▶ [INSTRUCTIONS FOR THE TASK]: The full listing, returned exactly and free of pictures, is the expected answer.

▶ [DATA PROVIDED]:

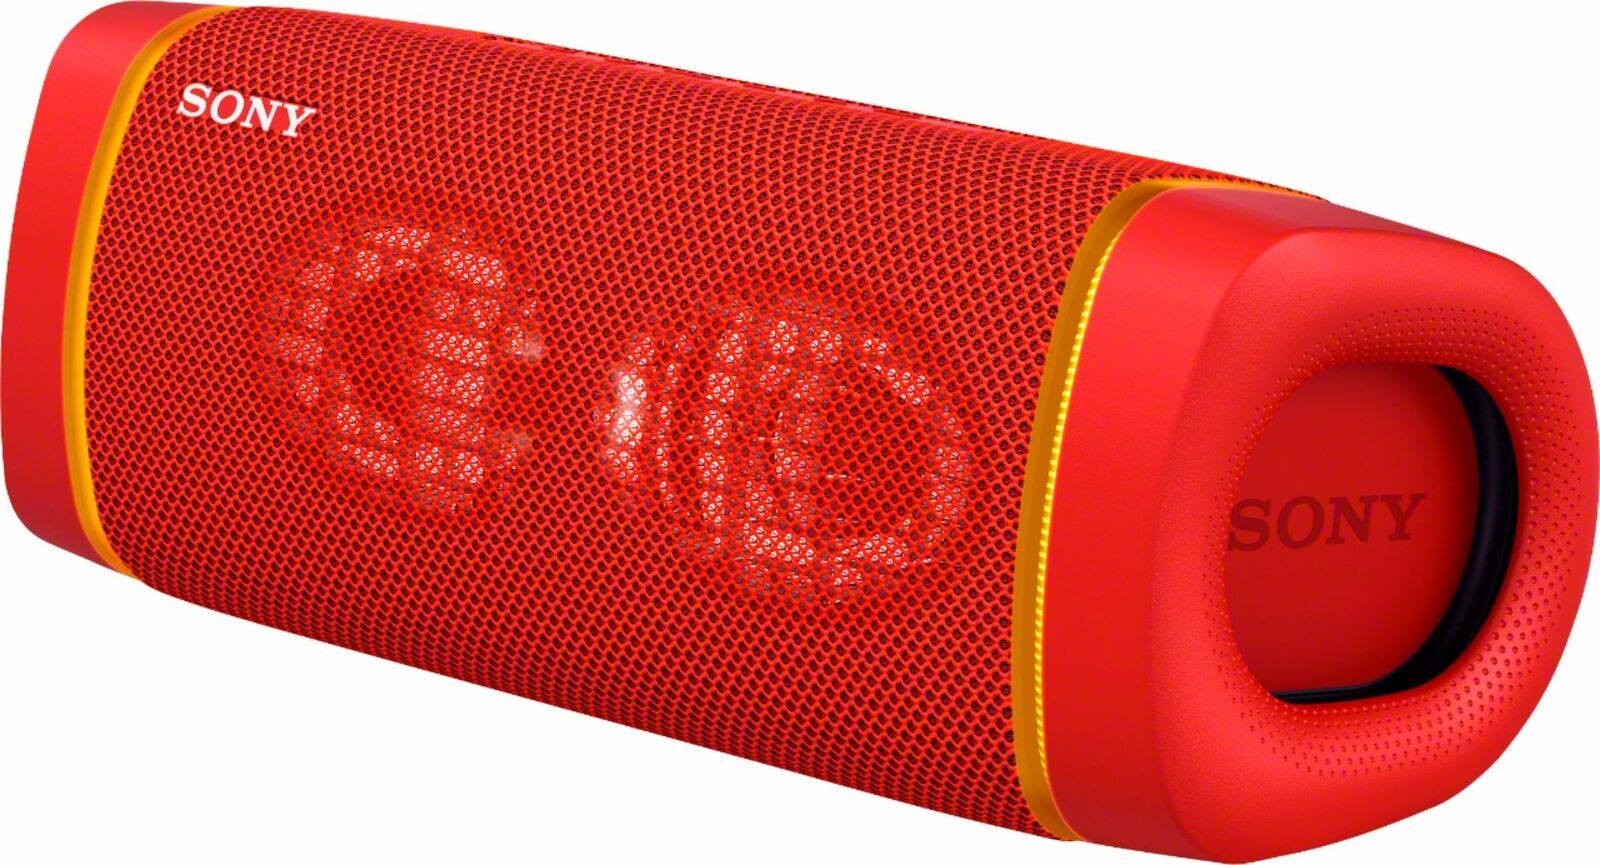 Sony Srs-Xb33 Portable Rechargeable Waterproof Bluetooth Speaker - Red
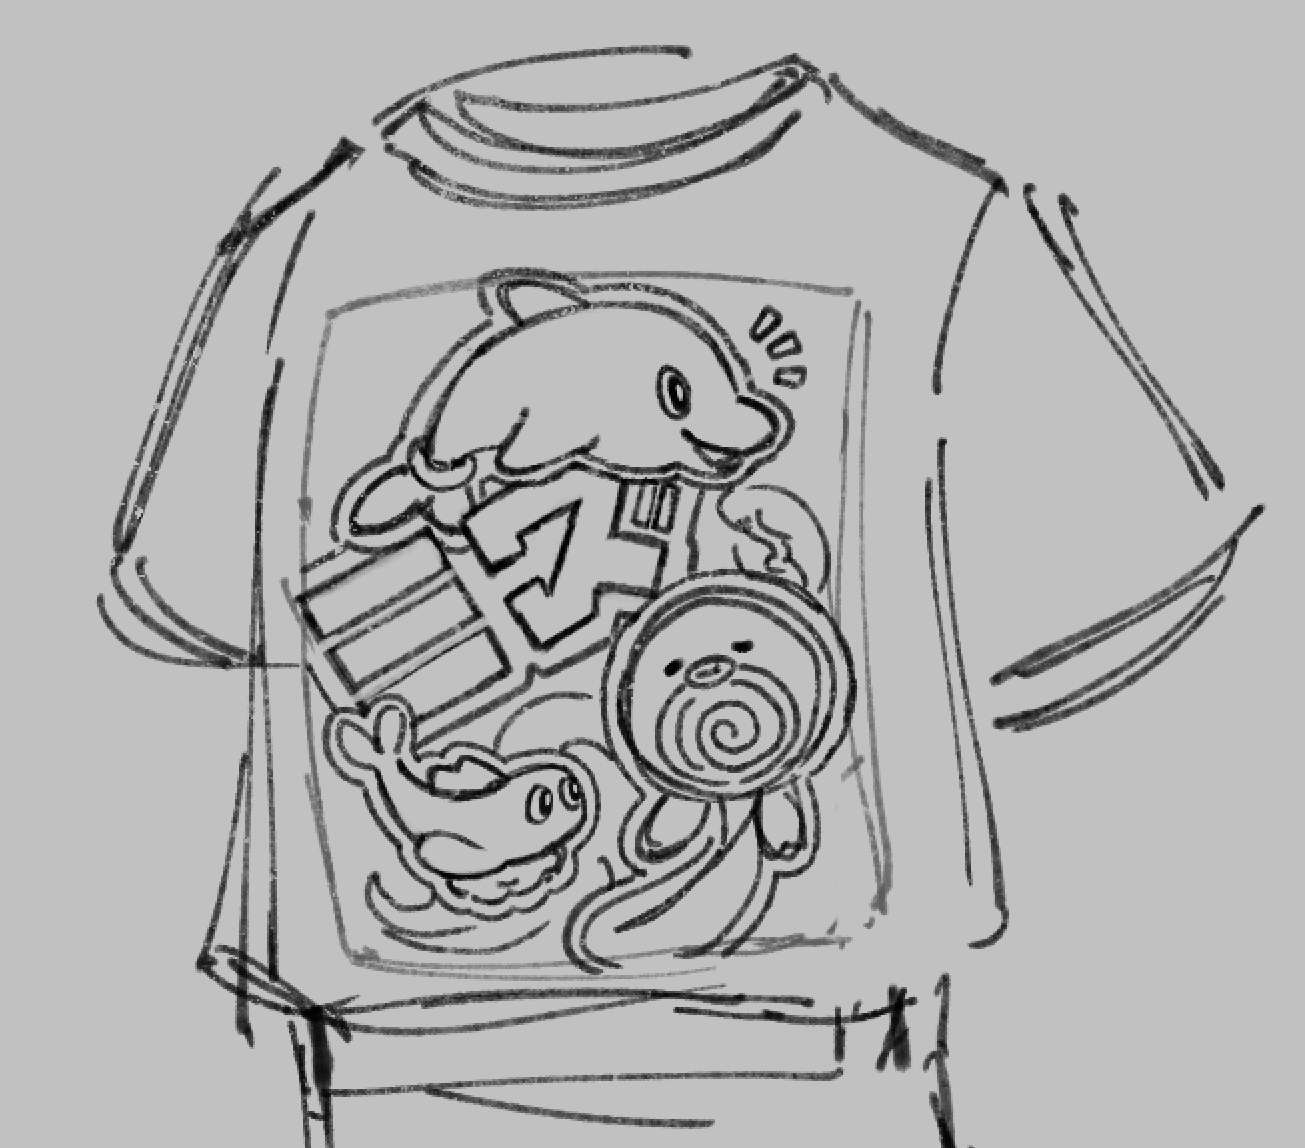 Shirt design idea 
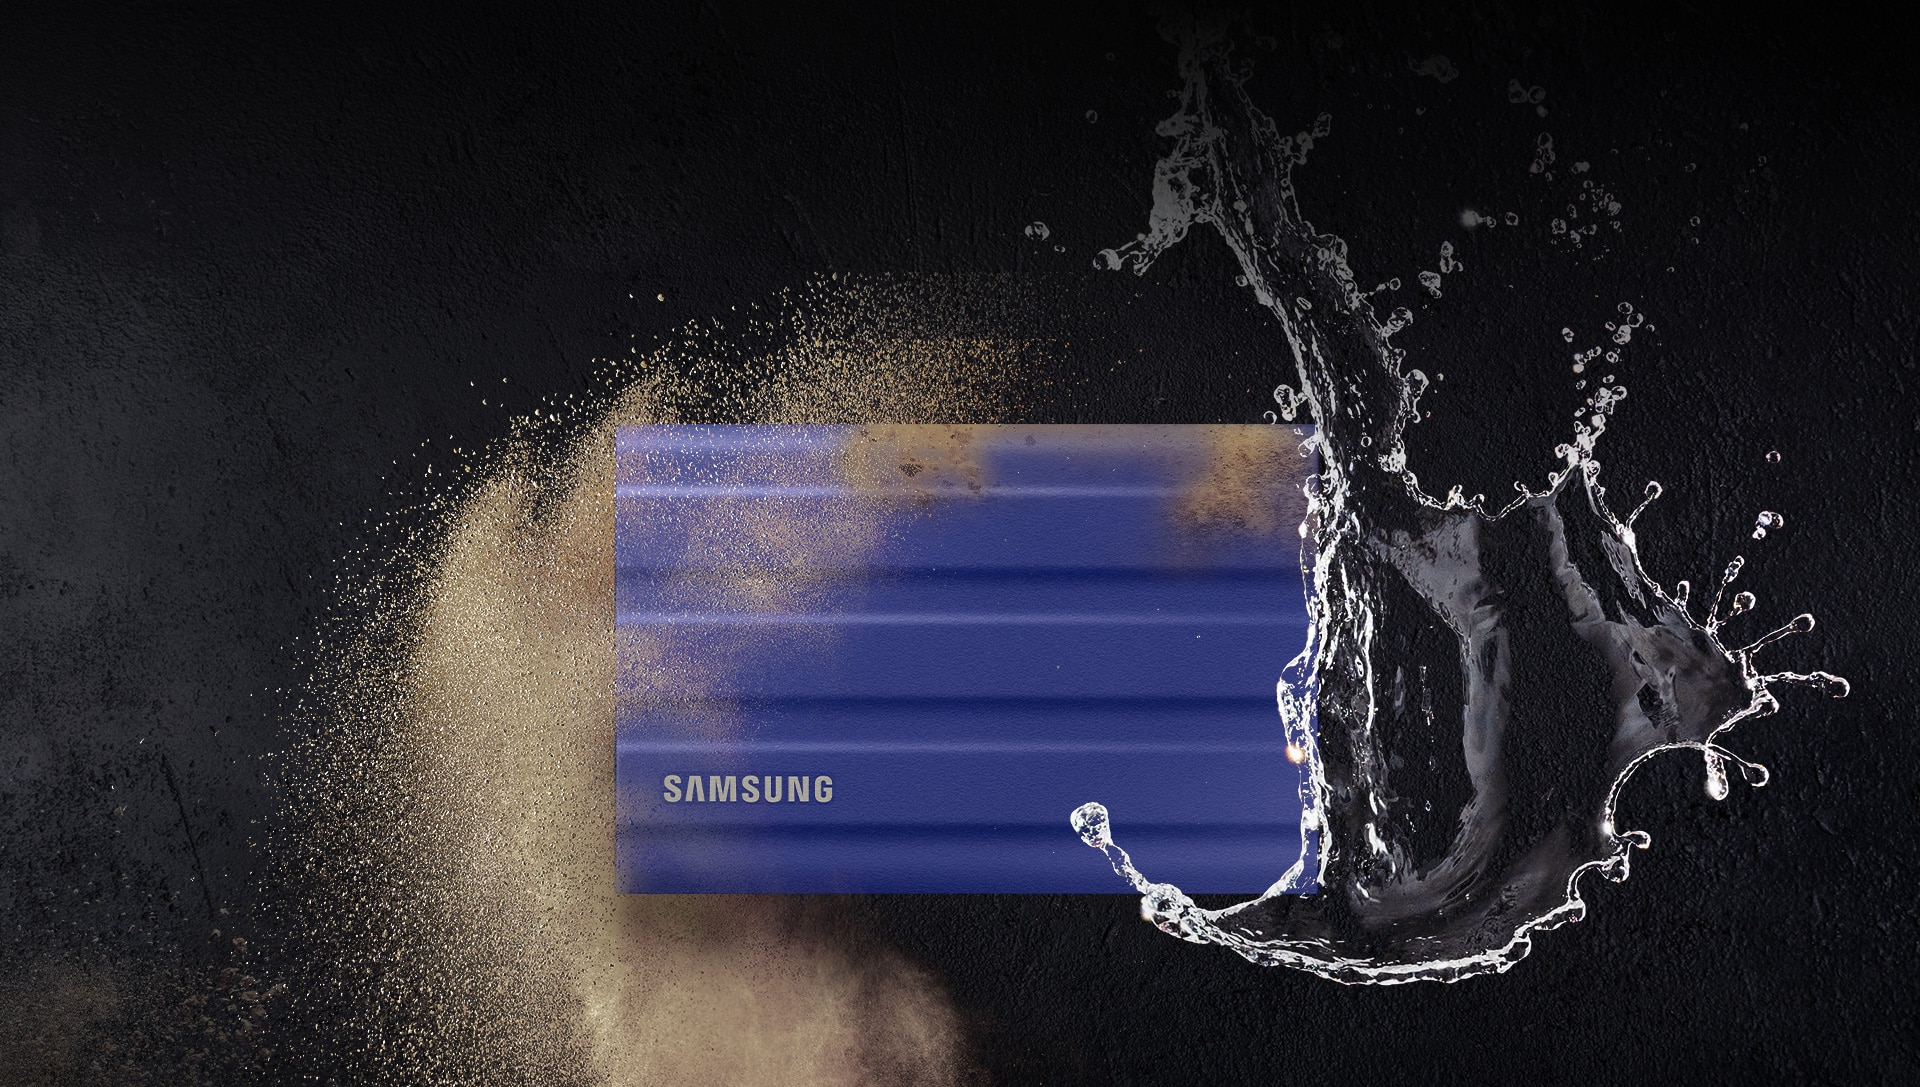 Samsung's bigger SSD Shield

▶ [RESULT OF THE EXERCISE]:
 Sony Srs-Xb33 Portable Rechargeable Waterproof Bluetooth Speaker - Red
 Shirt design idea 
 Samsung's bigger SSD Shield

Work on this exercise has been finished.